Le désespoir d’une mère

Mère d’une adolescente atteinte du trouble de personnalité limite, France Coulombe avoue qu’à plusieurs reprises, elle s’est sentie jugée et incomprise par le système de santé. « J’avais l’impression qu’on ne me comprenait pas en tant que parent, confie-t-elle. Je ne savais pas comment aider ma fille à passer au travers de ses crises. »

À une certaine époque, les choses se sont aggravées pour France et sa fille : « Ma fille était souffrante, raconte-t-elle. On est entrées à Sainte-Justine. Elle avait seulement la peau et les os. On ne comprenait pas ce qui se passait. Je me sentais très coupable. J’avais l’impression d’être une mauvaise mère. »

Mutilations aux bras, aux chevilles, aux pieds : pendant ses épisodes de colère, Maude pouvait s’arracher la peau. Pour sa mère, témoin impuissant de ces épisodes de douleur, la situation devenait intenable.

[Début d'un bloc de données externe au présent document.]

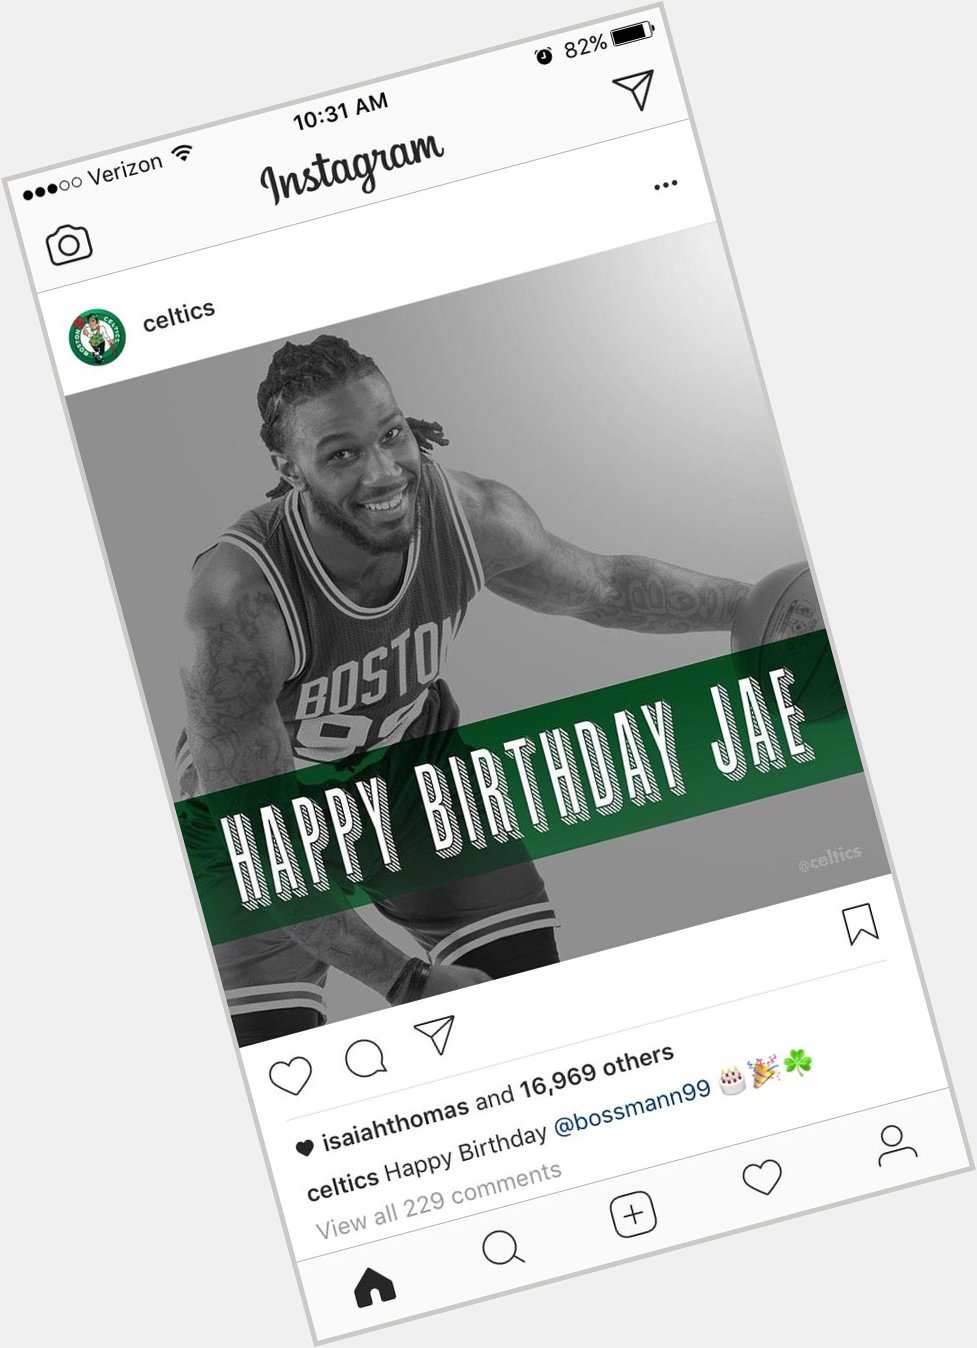 Lol happy bday Jae Crowder, we\re trying to trade you to make room for Hayward

Placer son enfant en institution

Après de multiples tentatives pour trouver de l’aide qui se sont avérées vaines, ainsi qu’une cinquième tentative de suicide de Maude, France a dû se résoudre à placer sa fille à l’hôpital psychiatrique. « On n’en pouvait plus, reconnaît-elle. On était une famille essoufflée. Je me sentais au bord du précipice. Et quand on a décidé de ne pas la reprendre à la maison, c’est que je voulais survivre et que ma fille survive. Elle avait 16 ans et j’avais l’impression qu’elle n’atteindrait jamais l’âge de 18 ans. »

Un diagnostic, mais peu d’explications

Lorsqu’elle a finalement reçu le diagnostic de trouble de personnalité limite de Maude, France Coulombe s’est étonnée de ne pas recevoir davantage d’explications de la part du psychiatre. Pour obtenir des réponses à ses questions, elle a dû forcer des portes plus d’une fois.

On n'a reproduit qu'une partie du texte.